Delen via


Voor... Volgende instructie (Visual Basic)

Herhaalt een groep instructies terwijl de lusvariabele zijn eindwaarde bereikt.

Syntaxis

For counter [ As datatype ] = start To end [ Step step ]
    [ statements ]
    [ Continue For ]
    [ statements ]
    [ Exit For ]
    [ statements ]
Next [ counter ]

Onderdelen

Onderdeel Beschrijving
counter Vereist in de For verklaring. Numerieke variabele. De besturingsvariabele voor de lus. Voor meer informatie, zie Counter Argument verderop in dit onderwerp.
datatype Facultatief. Gegevenstype van counter. Voor meer informatie, zie Counter Argument verderop in dit onderwerp.
start Verplicht. Numerieke expressie. De initiële waarde van counter.
end Verplicht. Numerieke expressie. De uiteindelijke waarde van counter.
step Facultatief. Numerieke expressie. Het bedrag waarmee counter elke keer door de lus wordt verhoogd.
statements Facultatief. Een of meer instructies tussen For en Next die het opgegeven aantal keren uitvoeren.
Continue For Facultatief. Draagt de controle over naar de volgende iteratie van de lus.
Exit For Facultatief. Hiermee wordt het beheer buiten de lus For overgedragen.
Next Verplicht. Hiermee wordt de definitie van de For lus beëindigd.

Opmerking

Het To trefwoord wordt in deze instructie gebruikt om het bereik voor de teller op te geven. U kunt dit trefwoord ook gebruiken in de Select...Case-instructie en in arraydeclaraties. Zie Dim-instructie voor meer informatie over matrixdeclaraties.

Eenvoudige voorbeelden

U gebruikt een For...Next -structuur als u een set instructies een bepaald aantal keren wilt herhalen.

In het volgende voorbeeld begint de index-variabele met een waarde van 1 en wordt verhoogd met elke iteratie van de lus, eindigend wanneer de waarde van index 5 bereikt.

For index As Integer = 1 To 5
    Debug.Write(index.ToString & " ")
Next
Debug.WriteLine("")
' Output: 1 2 3 4 5

In het volgende voorbeeld begint de number variabele bij 2 en wordt bij elke iteratie van de lus met 0,25 verminderd, eindigend na de waarde van number 0. Het Step argument van -.25 vermindert de waarde met 0,25 bij elke iteratie van de lus.

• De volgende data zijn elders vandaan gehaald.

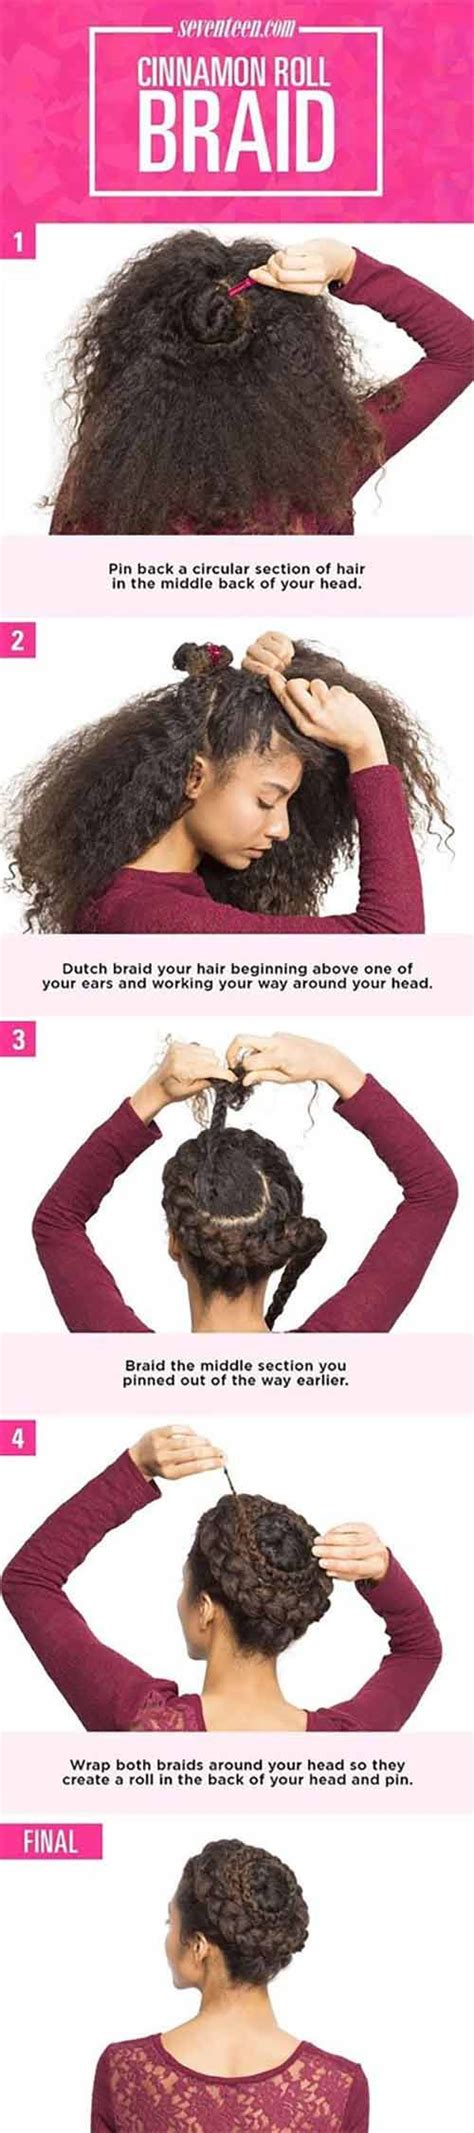 20 Incredibly Stunning Diy Updos For Curly Hair Curly Hair Styles

For number As Double = 2 To 0 Step -0.25
    Debug.Write(number.ToString & " ")
Next
Debug.WriteLine("")
' Output: 2 1.75 1.5 1.25 1 0.75 0.5 0.25 0 

Aanbeveling

Een While...End While-verklaring of Do...Loop-verklaring werkt goed wanneer u niet van tevoren weet hoe vaak de instructies in de lus moeten worden uitgevoerd. Wanneer u echter verwacht dat de lus een bepaald aantal keren wordt uitgevoerd, is een For...Next lus een betere keuze. U bepaalt het aantal iteraties wanneer u de lus voor het eerst invoert.

Geneste lussen

U kunt For lussen nesten door de ene lus binnen een andere te plaatsen. In het volgende voorbeeld ziet u geneste For...Next structuren met verschillende stapwaarden. De buitenste lus maakt een tekenreeks voor elke iteratie van de lus. De binnenste lus verlaagt een lustellervariabele voor elke herhaling van de lus.

For indexA = 1 To 3
    ' Create a new StringBuilder, which is used
    ' to efficiently build strings.
    Dim sb As New System.Text.StringBuilder()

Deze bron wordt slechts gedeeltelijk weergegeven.